We did a baseline survey of the socio-cultural and technical adaptation of public health programs for indigenous peoples in the departments of Antioquia, Cauca, Nariño and Vaupés.


What did we find?


Between 2011 and 2012, Sinergias built a general framework of the situation of sociocultural and technical adequacy of public health programs in Vaupés, Nariño, Cauca and Antioquia based on a literature review and individual or group interviews with institutional and social actors linked to public health programs and the issue of sociocultural adequacy, using an instrument designed by the Ministry of Health and Social Protection (MSPS). The instrument, with closed and open questions, had six thematic axes: human talent, prior consultation and agreement, programs and services, service provision, planning and insurance.
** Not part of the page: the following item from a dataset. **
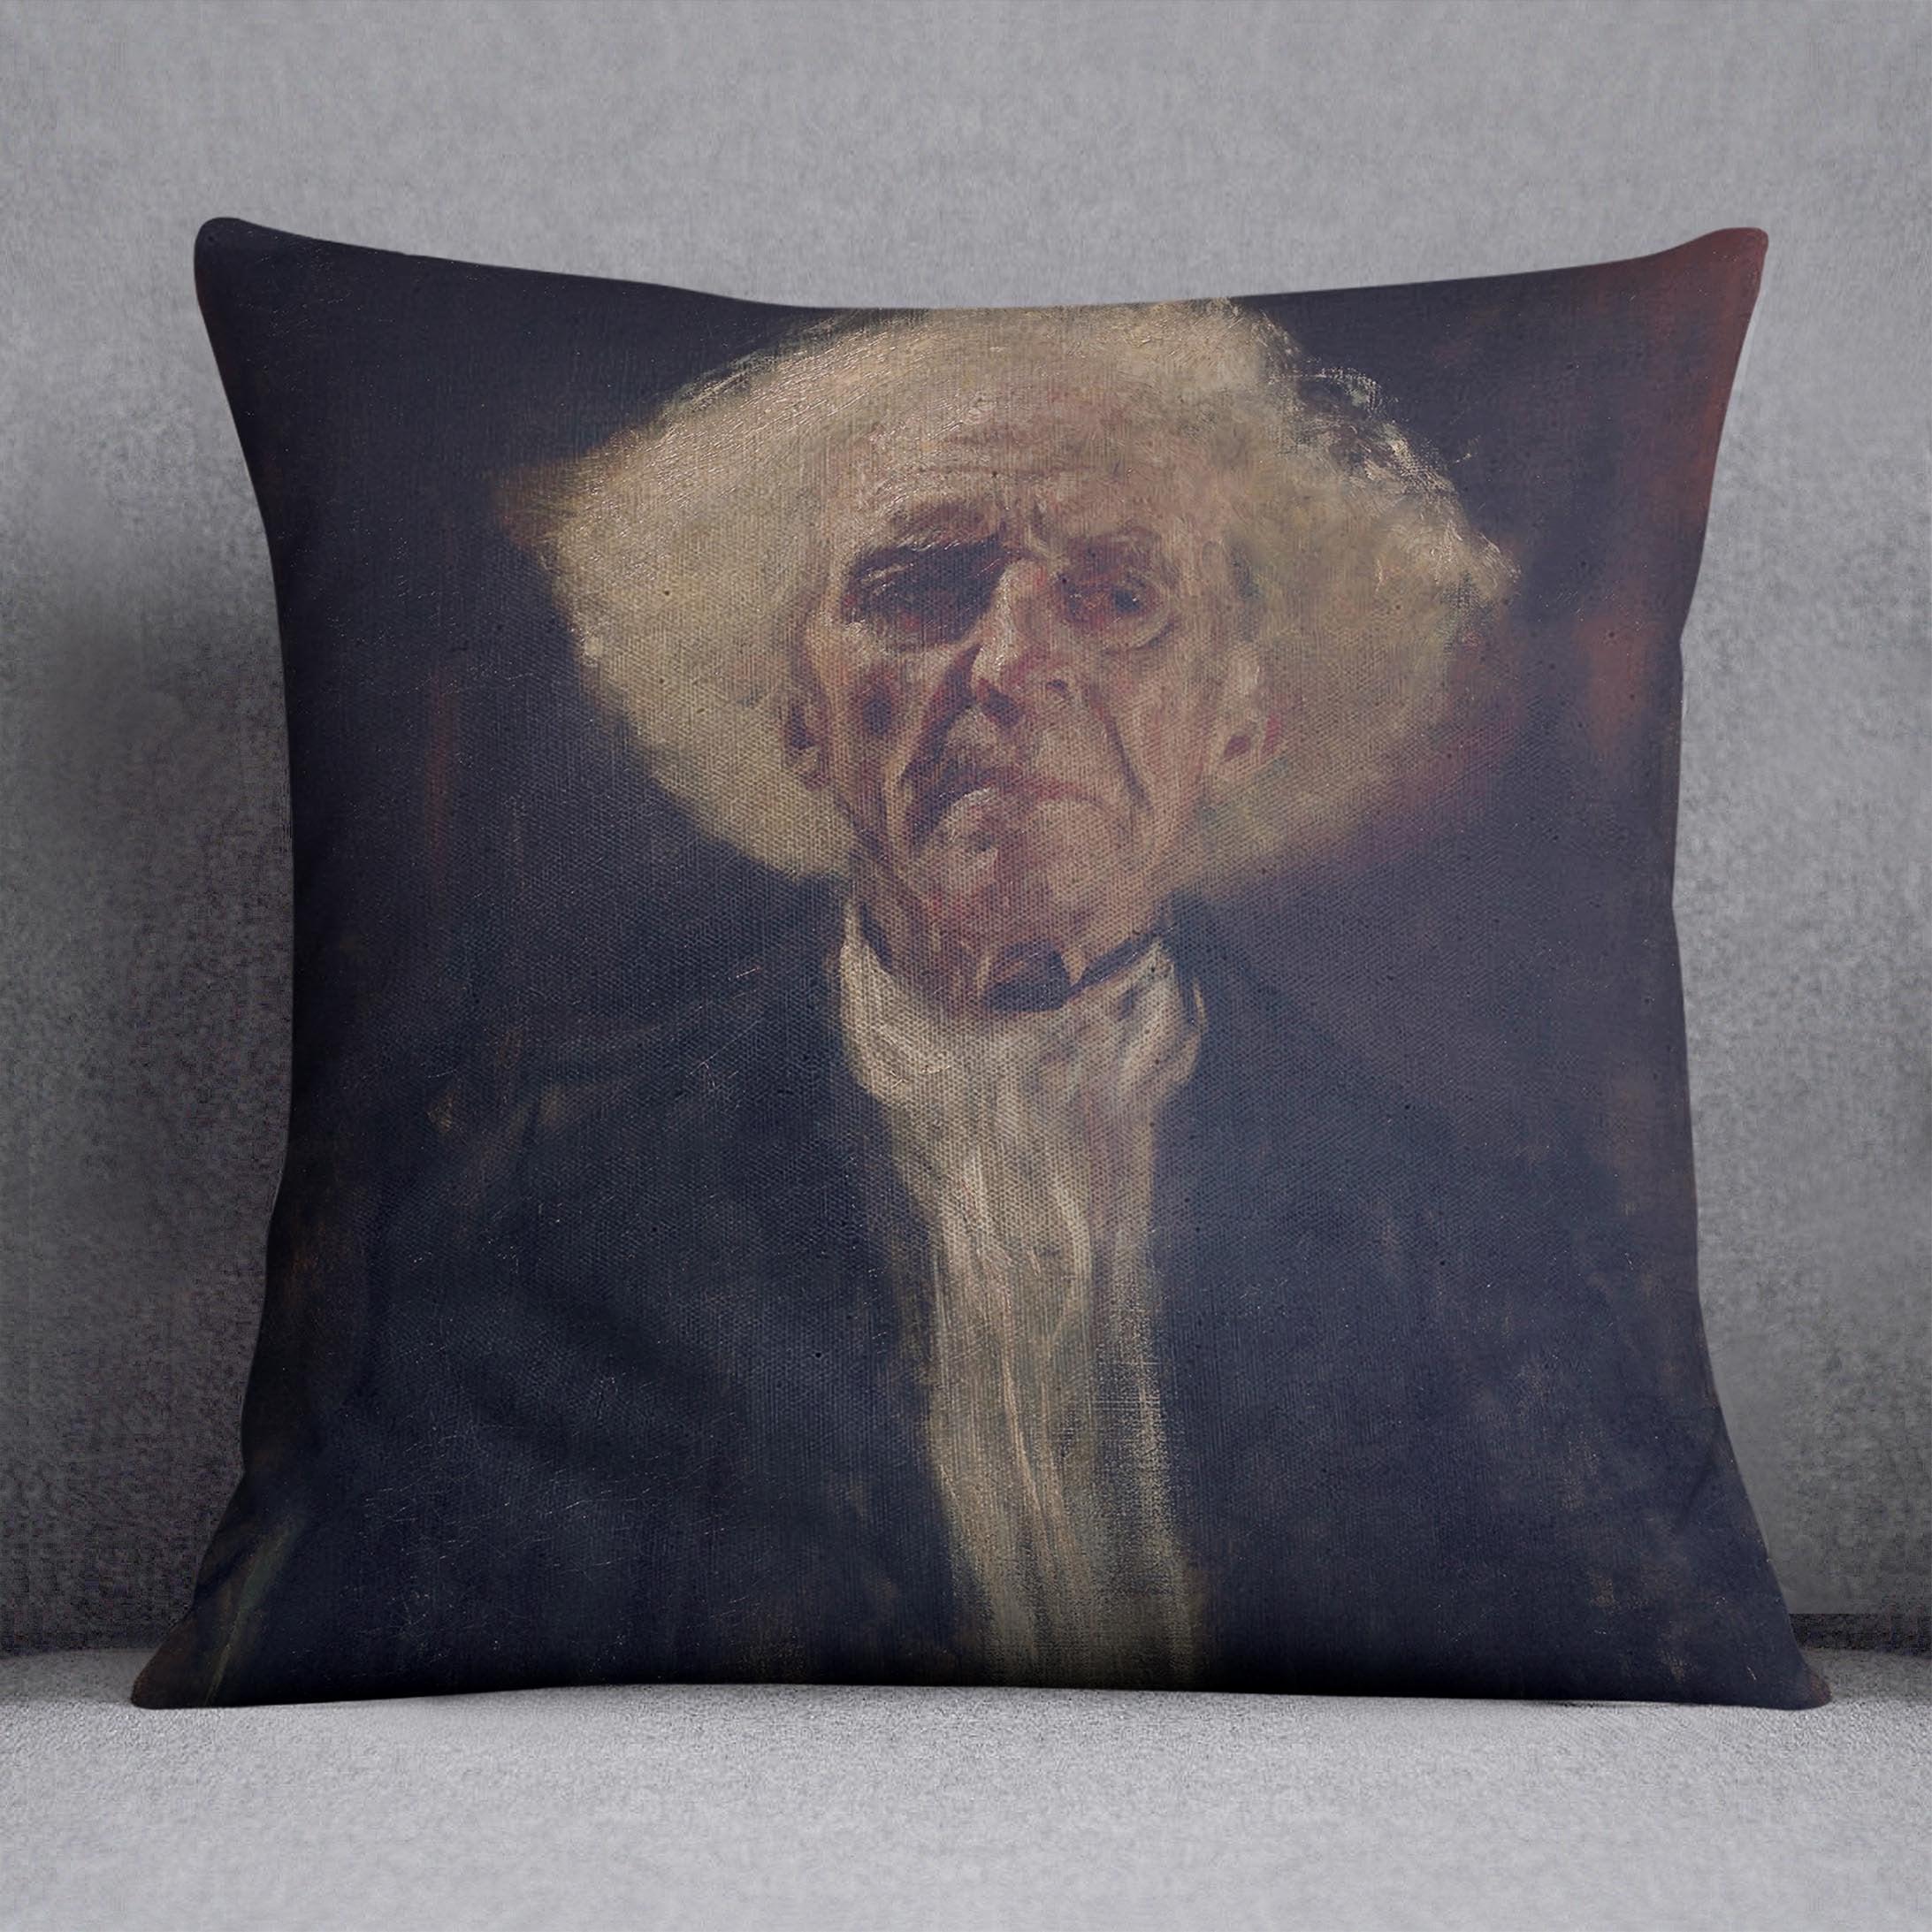 Blind Man by Klimt Throw Pillow

In addition, we inquired about the progress made in each of the ten priority lines in public health.


In each department, we interviewed the departmental and 2 municipal territorial health directorates (DTS), 2 health service provider institutions (IPS) or state social enterprises (ESE), 2 subsidized health promotion companies (EPS-S) or indigenous (EPS-I) and at least one indigenous organization.
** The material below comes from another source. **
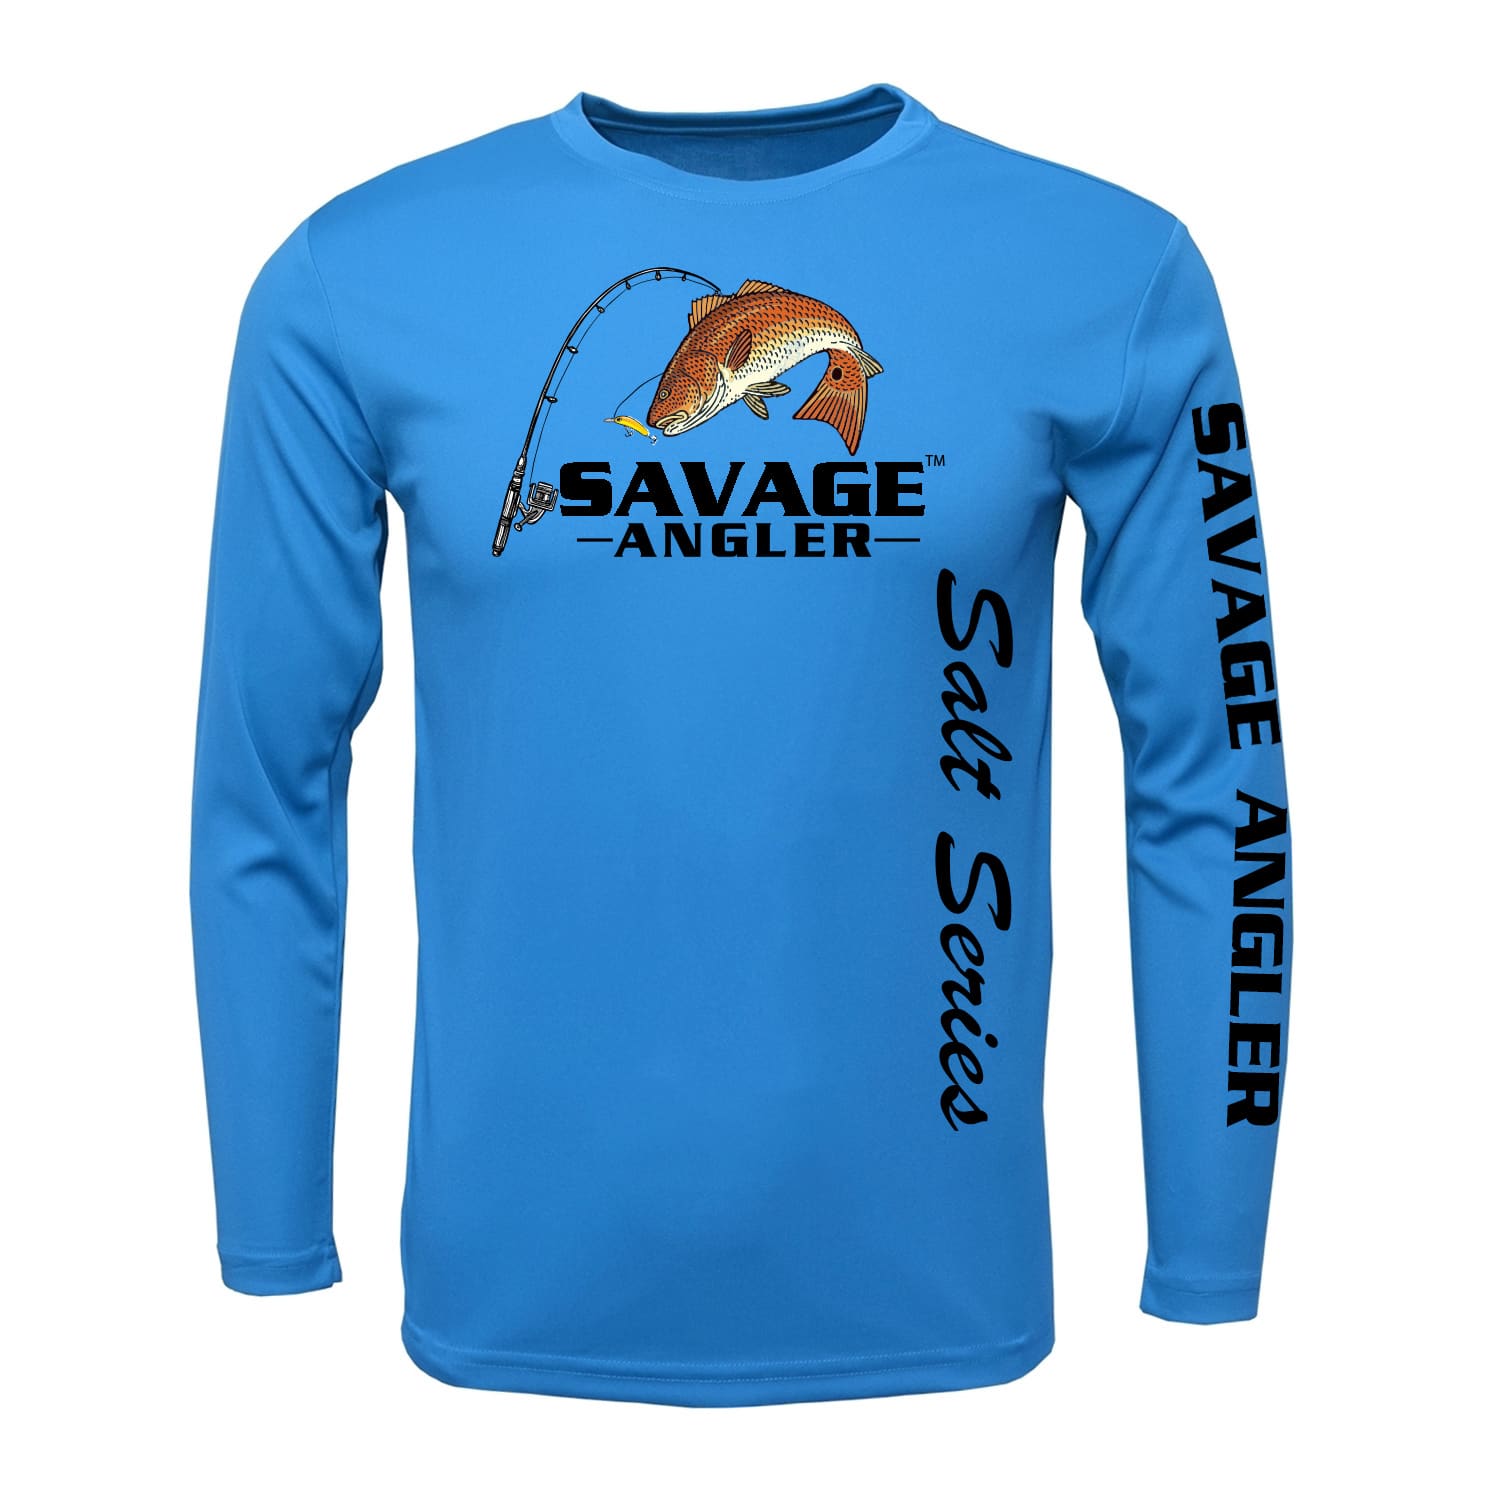 https://savageangler.com/wp-content/uploads/2021/02/Savage-Angler-Salt-Series-Fishing-Shirt_Columbia_Blue.jpg

We built a framework proposal to contribute to the structuring of the sociocultural adaptation process, based on three dimensions: political, conceptual and operational.

With the exception of specific experiences, we found that departmental and municipal STDs are unaware of basic instruments such as prior consultation with the indigenous population, consider knowledge about the health of these populations to be mere curiosity and/or attach little importance to “cultural barriers”.
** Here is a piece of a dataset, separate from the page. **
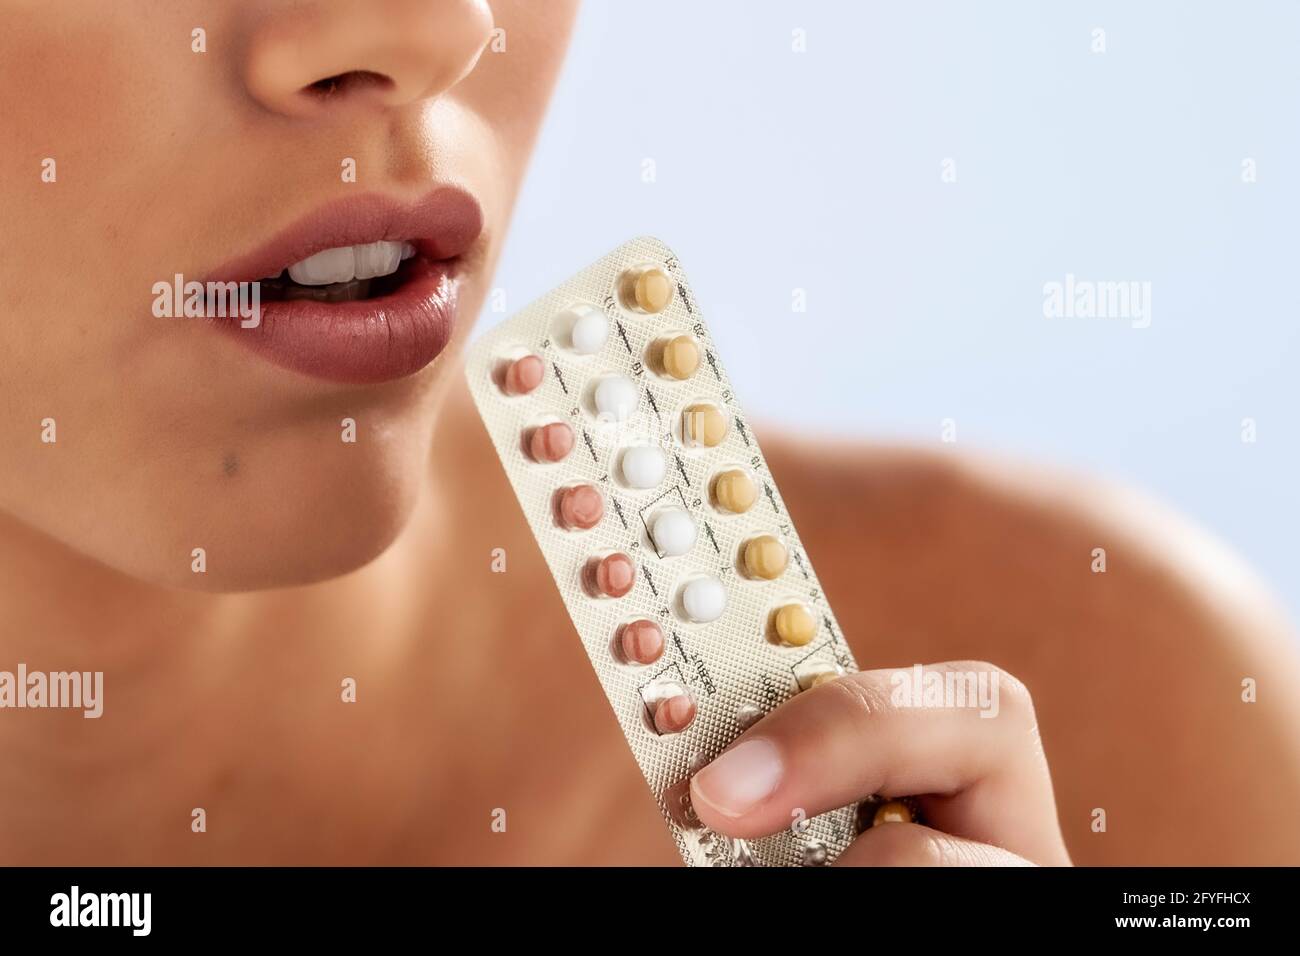 Oral contraception pills. Stock Photo

The ESE, responsible for the execution of public health actions, present similar dynamics but conceive “cultural barriers” as obstacles to be solved through “education”.


The IPS-Is showed variations when recruiting indigenous human talent, including “traditional physicians” and were similar in their acceptance of the sociocultural adaptation of services.


As for EPSs, differences were evident. Those of indigenous origin are more sensitive than others in the subsidized regime, with the former showing more adequate processes in the departments of origin.


Social and community organizations, especially in Cauca, recognize general guidelines on where to direct efforts, which include respecting prior consultation and agreement, as well as linking “own resources”, traditional medicine, among others, to health actions.


Multiple barriers were found (individual, socio-cultural and economic factors), institutional (organization of health services, administrative and management processes, supply of services, human talent) and structural (national and sectoral legislation and regulations, information systems, participation of other sectors) for the implementation of these processes.


Recommendations


Many indigenous communities, especially in dispersed rural areas, lack access to health services, affecting their fundamental rights. The current regulations that guide the sociocultural adaptation of services and programs are not being complied with.


In general, the four departments visited lack appropriate knowledge about the sociocultural adequacy of health services for the indigenous population, which contributes to the execution of certain contingent, asystematic and targeted actions to certain settlements and communities in response to specific needs.


The country has the obligation and the challenge of articulating and operationalizing health rights and for this it is essential to ensure that the key institutions of the SGSSS and the indigenous organizations themselves have the tools to facilitate the development of processes of adaptation of health services, programs and models.


In this sense, our framework proposal for the structuring of the sociocultural adequacy process based on the political, conceptual and operational dimensions is very useful in articulation with the developments proposed by the MSPS.